The distinction between illiquidity and insolvency

If a homeowner loses his job and cannot pay his mortgage, he must sell the house or see the bank foreclose. Is he insolvent, or merely “illiquid”? If he merely has a liquidity problem, a loan will help him earn the funds to pay down the debt. But if he falls into the negative equity that now plagues a quarter of U.S. real estate, taking on more loans will only deepen his net deficit. Ending this process by losing his home does not mean that he is merely illiquid. He is in distress, and is suffering from insolvency. But to the ECB this is merely a liquidity problem.

The public balance sheet includes land and infrastructure as if they are surplus assets that can be forfeited without fundamentally changing the owner’s status or social relations. In reality it is part of the means of survival in today’s world, at least survival as part of the middle class.

For starters, renegotiating his loan won’t help an insolvency situation such as the jobless homeowner above. Lending him the money to pay the bank interest (along with late fees and other financial penalties) or stretching out the loan merely will add to the debt balance, giving the foreclosing bank yet a larger claim on whatever property the debtor may have available to grab.

But the homeowner is in danger of being homeless, living on the street. At issue is whether solvency should be defined in the traditional common-sense way, in terms of the ability of income to carry one’s current obligations, or a purely balance-sheet approach taken by creditors seeking to extract payment by stripping assets. This is Greece’s position. Is it merely a liquidity problem if the government is told to sell off $50 billion in prime tourist sites, ports, water systems and other public assets in order to pay foreign creditors?

At issue is language regarding the legal rights of creditors vis-à-vis debtors. The United States has long had a body of law regarding this issue. A few years ago, for instance, the real estate speculator Sam Zell bought the Chicago Tribune in a debt-leveraged buyout. The newspaper soon went broke, wiping out the employees’ stock ownership plan (ESOP). They sued under the fraudulent conveyance law, which says that if a creditor makes a loan without knowing how the debtor can pay in the normal course of business, the loan is assumed to have been made with the intent of foreclosing on property, and is deemed fraudulent.

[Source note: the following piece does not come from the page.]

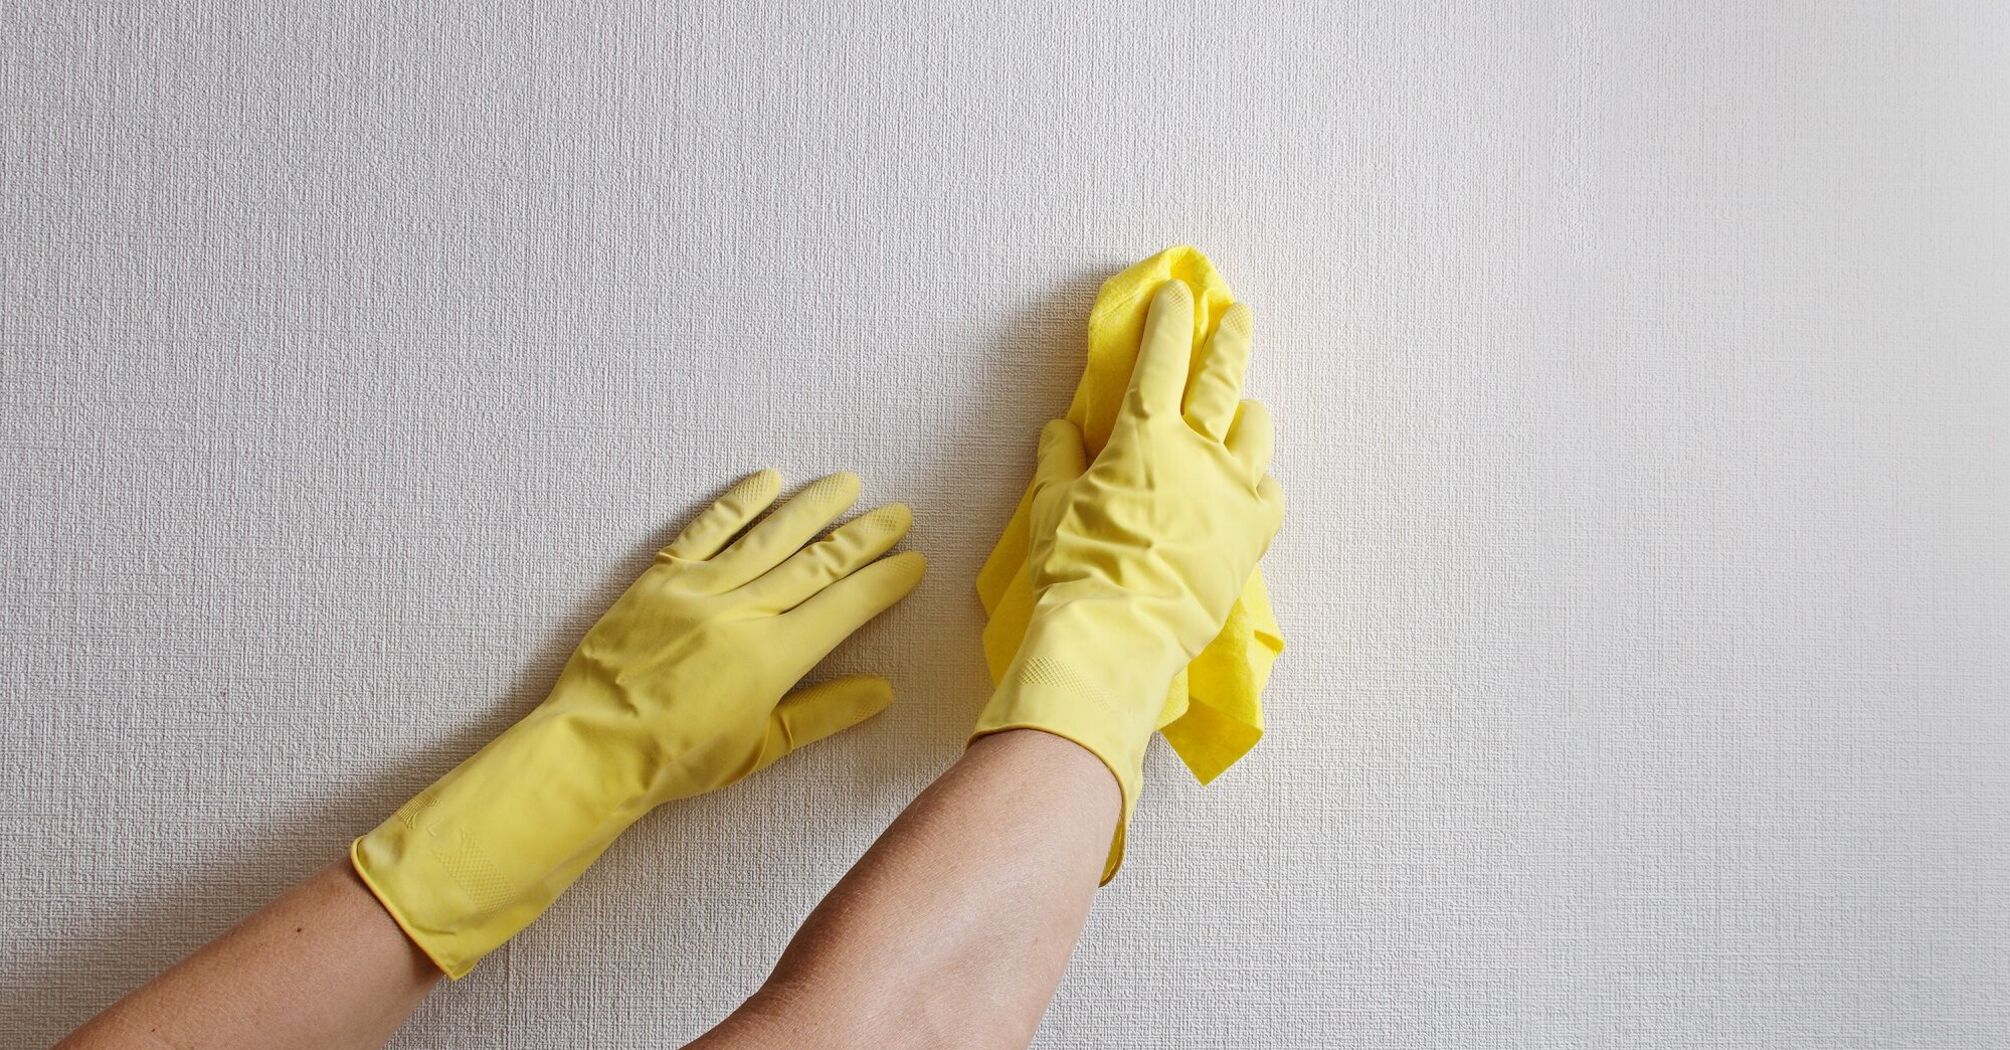 How to quickly remove greasy stains from wallpaperHow to quickly remove greasy stains from wallpaper
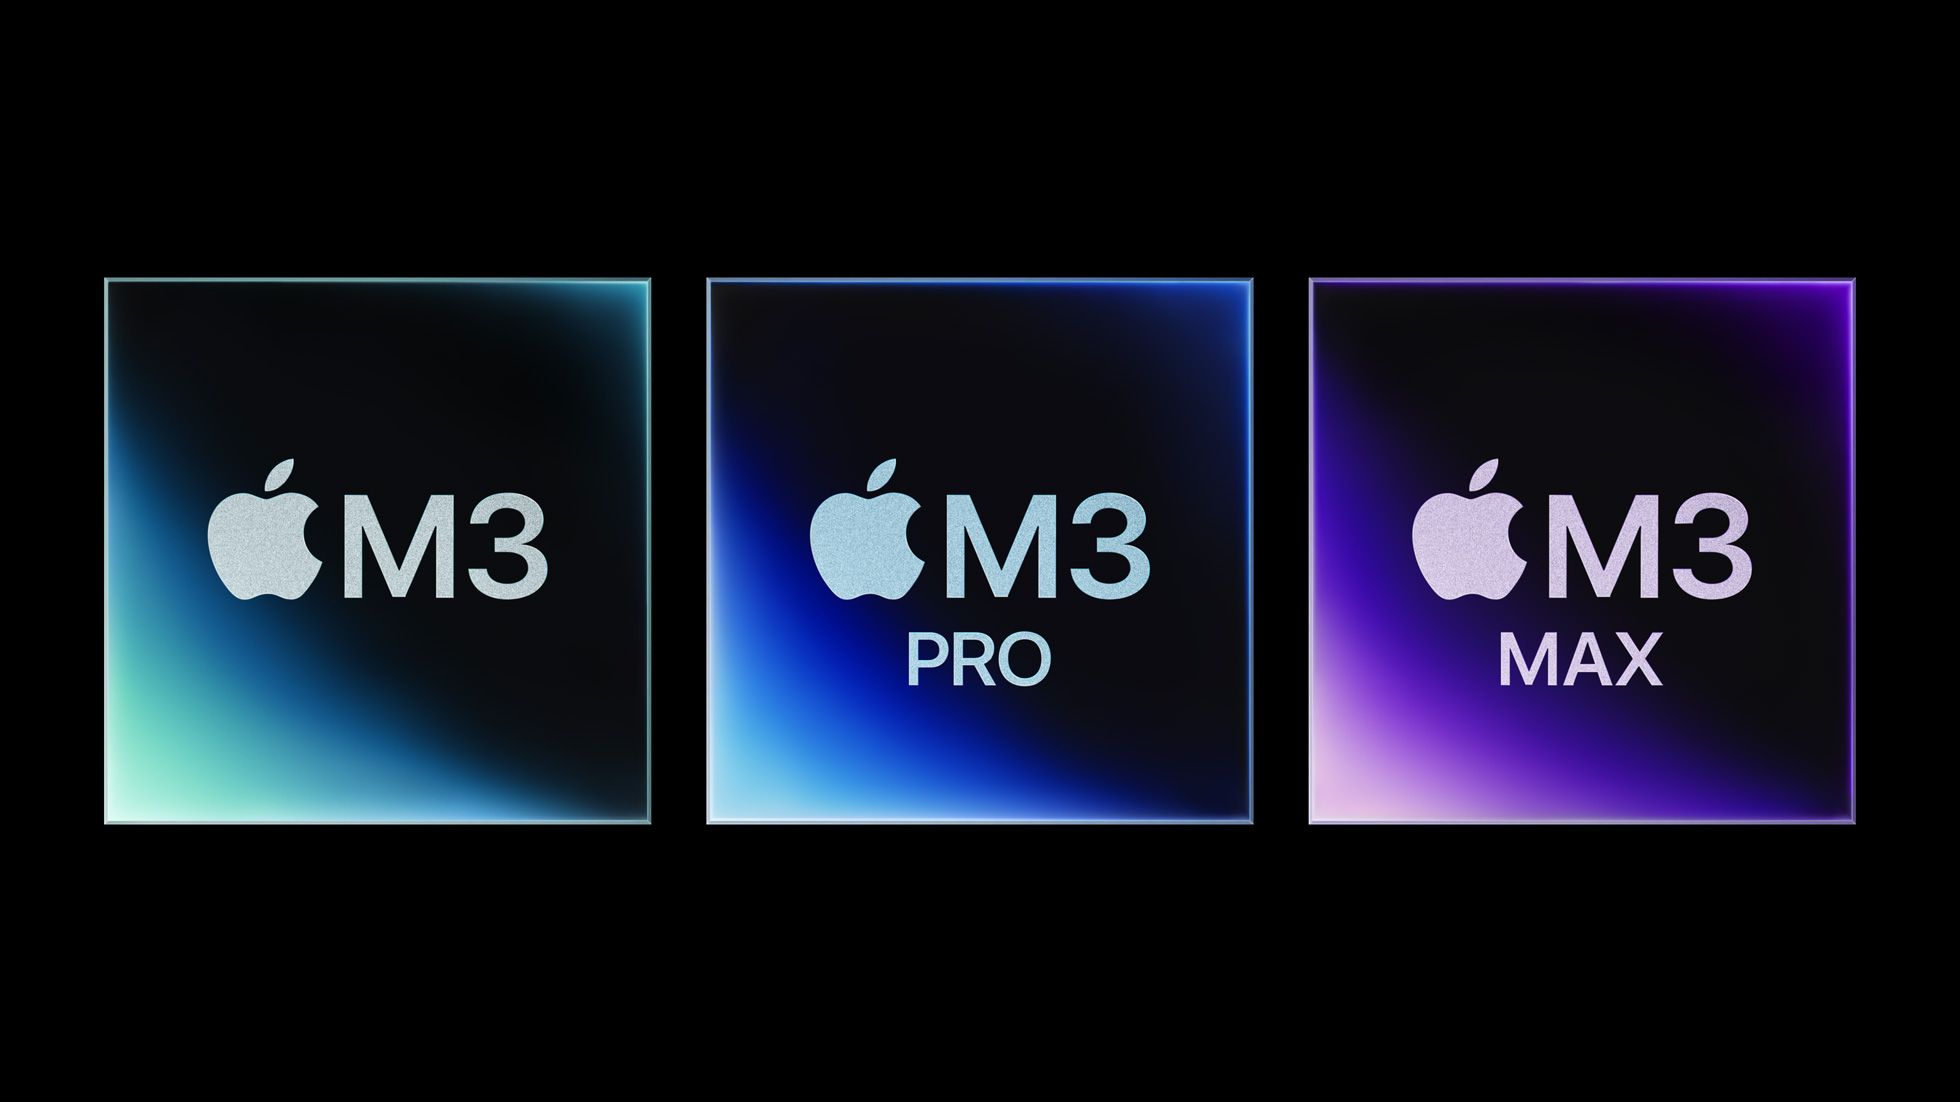 Apple unveils M3 chip family, MacBook Pro lineup, and iMac at Scary Fast event

This law dates from colonial times, when British speculators eyed rich New York farmland. Their ploy was to extend loans to farmers, and then call in the loans when the farmer’s ability to pay was low, before the crop was harvested. This was indeed a liquidity problem – which financial opportunists turned into an asset grab. Some lenders, to be sure, created a genuine insolvency problem by making loans beyond the ability of the farmers to pay, and then would foreclose on their land. The colonies nullified such loans. Fraudulent conveyance laws have been kept on the books since the United States won its independence from Britain.